Fig. 13: The headshield of Mimetaspis, an small Early Devonian Cephalaspid from the Ukraine. 1) eye orbit. 2) “nostril.” 3) pineal opening (after Voistechin 2011).

Most osteostracans lived in marginal, marine environments. Their horseshoe-shaped headshield suggests a benthic or bottom-feeding mode of life. They are most diverse in the Early Devonian, becoming rare in the Middle and Late Devonian. Osteostracans are widely distributed in North America, Europe, Siberia, and Central Asia.  Subclasses include the Zenaspidida,  Benneviaspidida, Kiearaspidida, and Thyestiida. 

The Zenaspidida have a more massive headshield, often bearing a posterior median crest or spinal process. They have a characteristic ornamentation of large tubercles, surrounded by smaller ones (fig.14B).

The Benneviaspidida have a flattened headshield and their exoskeleton has lost the polygonal pattern of the platelets, to form a continuous layer. Some benneviaspidids, such as the Boreaspididae, develop a long rostral process, like some galeaspids and pituriaspids. One of them, Tauraspis, is unique in having a pair of forward pointing "horns" (fig.14C).
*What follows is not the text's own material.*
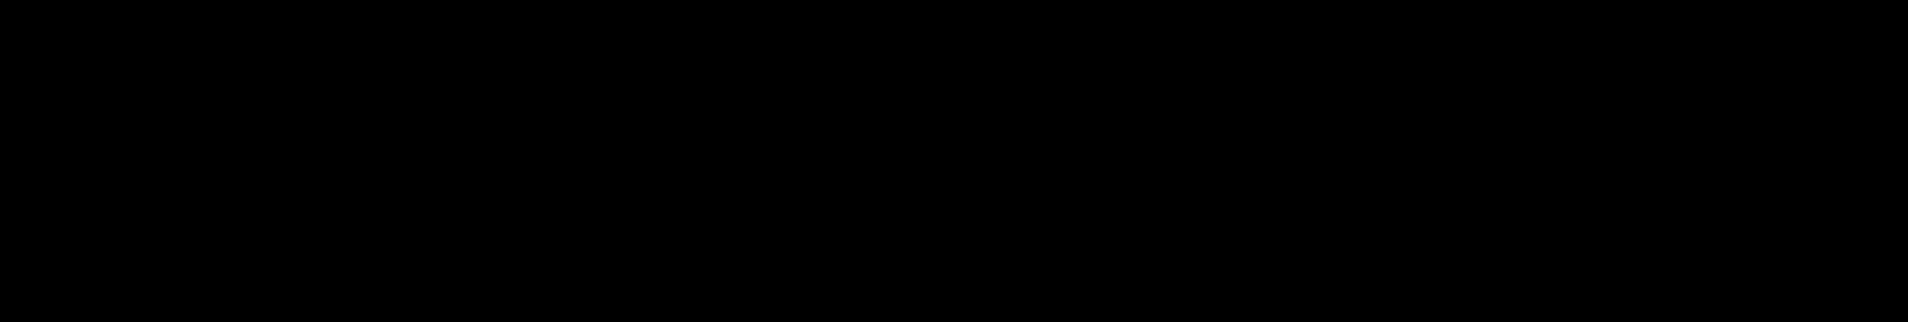 Vaporware Design

The Kiearaspidida are small osteostracans whose headshield extends posteriorly into a long abdominal
division and whose cornual processes are extremely reduced or lost. Some of them, the Acrotomaspididae, are very specialized forms, with extremely reduced cephalic fields and their mouth opens anterodorsally.

 Fig. 14: Osteostracans from the clade Cornuata. A) The thyestid Tremataspis, who lacks paired fins, perhaps due to specialized burrowing habits. B)  the zenaspidid Zenaspis, a typical form with a massive headshield. C. the benneviaspidid Tauraspis, with double head shield projections. D)  the benneviaspidid Hoelaspis, with triple headshield projections (after Janvier 1997).

The Thyestiida are also small osteostracans, characterized by the special structure of their sensory-line canals. They include forms, the Tremataspididae, which have lost the paired fins and cornual process, their headshield becoming olive-shaped (fig.14A). This may represent an adaptation to burrowing habits.